Yeah, it is one of the least bad uses for it.
But then again, using literal tera-watts-hours of compute power to save on the easiest actually recyclable material known to man (cardboard), maybe that’s just me, maybe I’m too jaded, but it sounds like a pretty bad overall outcome.
It isn’t a bad deal for Amazon, tho, who is likely to save on costs, that way, since energy is still orders of magnitude cheaper than it should be[1], and cardboard is getting pricier.
if we were to account for the available supply, the demand, and the future (think sooner than later) need for transition towards new energy sources… Some that simply do not have the same potential. ↩︎
I think you’re overstating the compute power and understating the amount of cardboard Amazon uses
So this may be a more efficient use of computing power. Brute force calculation of combinations is costly because there are so many possibilities. A learning model can be fed data from brute force calculations and from humans tasked with packing efficiently to develop an empirical model (this is the AI part) of how to package assorted items. That model could take much less computing power than the Brite force method.
I don’t actually think so. A100 GPUs in server chassis have a 400 or 500W TDP depending on the configuration, and even if I’m assuming 400, with 4 per watercooled 1U chassis, a 47U rack with those would consume about 100kW with power supply efficiency and whatnot.
Running those for a day only would be 2.4GWh.
Now, I’m not assuming Amazon would own 100s of those racks at every DC, but they probably would use at least a couple of such racks to train their model (time is money, right?). And training them for a week with just two of those would be 35GWh, and I can only extrapolate from there.
So I don’t think that going to TWh is such an overstatement.
That, very possibly.
I have seldom used Amazon ever, maybe 5 times tops, and I can only remember two times. Those two times, I ordered a smartphone and a bunch of electronics supplies, and I don’t remember the packaging being excessive. But I know from plenty of memes that they regularly overdo it. That, coupled with the insane amount of shit people order online… And yes, I believe you are right on that one.

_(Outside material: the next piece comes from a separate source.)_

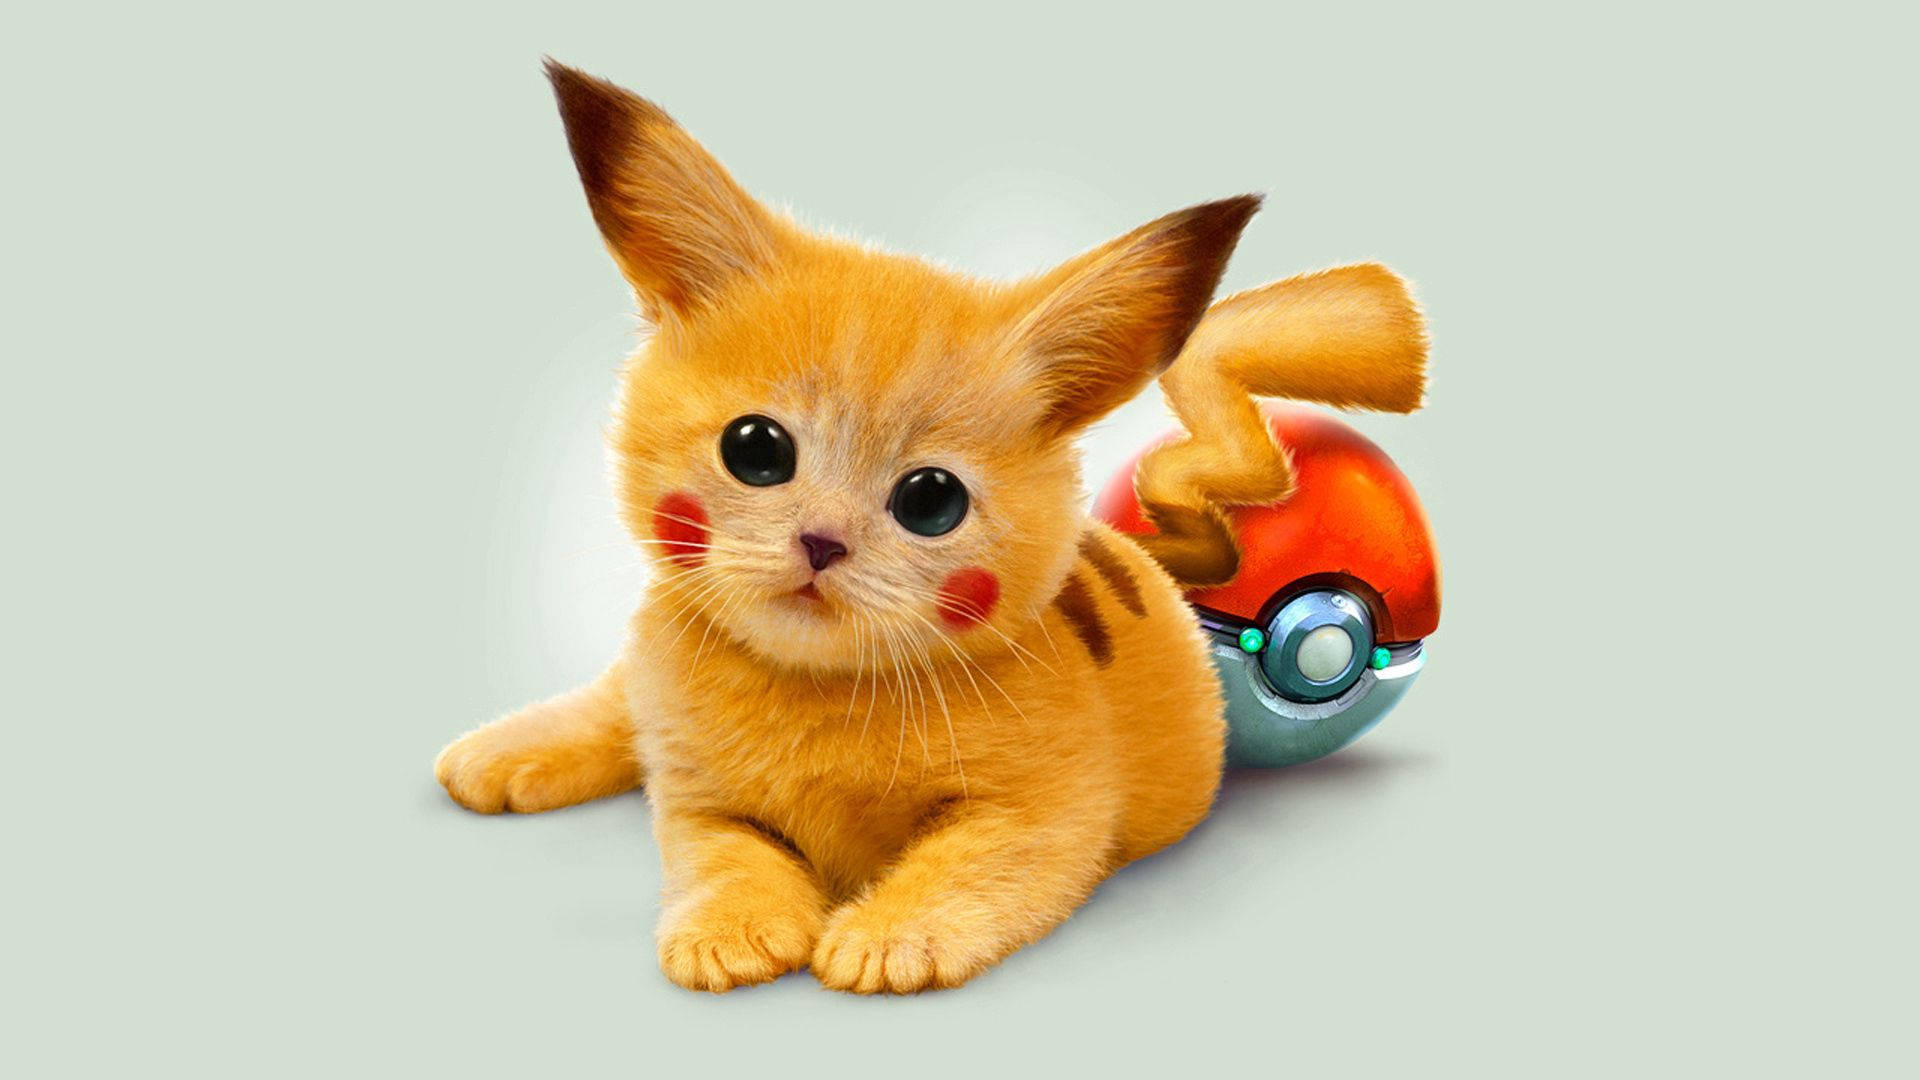 Cute And Cuddly Pikachu Cat Background

Even so, as long as it is cardboard, or paper, and not plastic and glue, it isn’t a big ecological issue.
However, that makes no difference to Amazon financially, cost is cost, and they only care about that.
But let’s not pretend they are doing a good thing then. It is a cost effective measure for them, that ends up worsening the situation for everyone else, because the tradeoff is good economically, and terrible ecologically.
If they wanted to do a good thing, they could use machine learning to optimise the combining of deliveries in the same area, to save on petrol, and by extension, pollution from their vehicles, but that would actually worsen the customer experience, and end up costing them more than it would save them, so that’s never gonna happen.
They may also save costs on trucking. Smaller boxes => less full truck.
I wonder what would be the benefit of using AI over writing a script that calculates these things.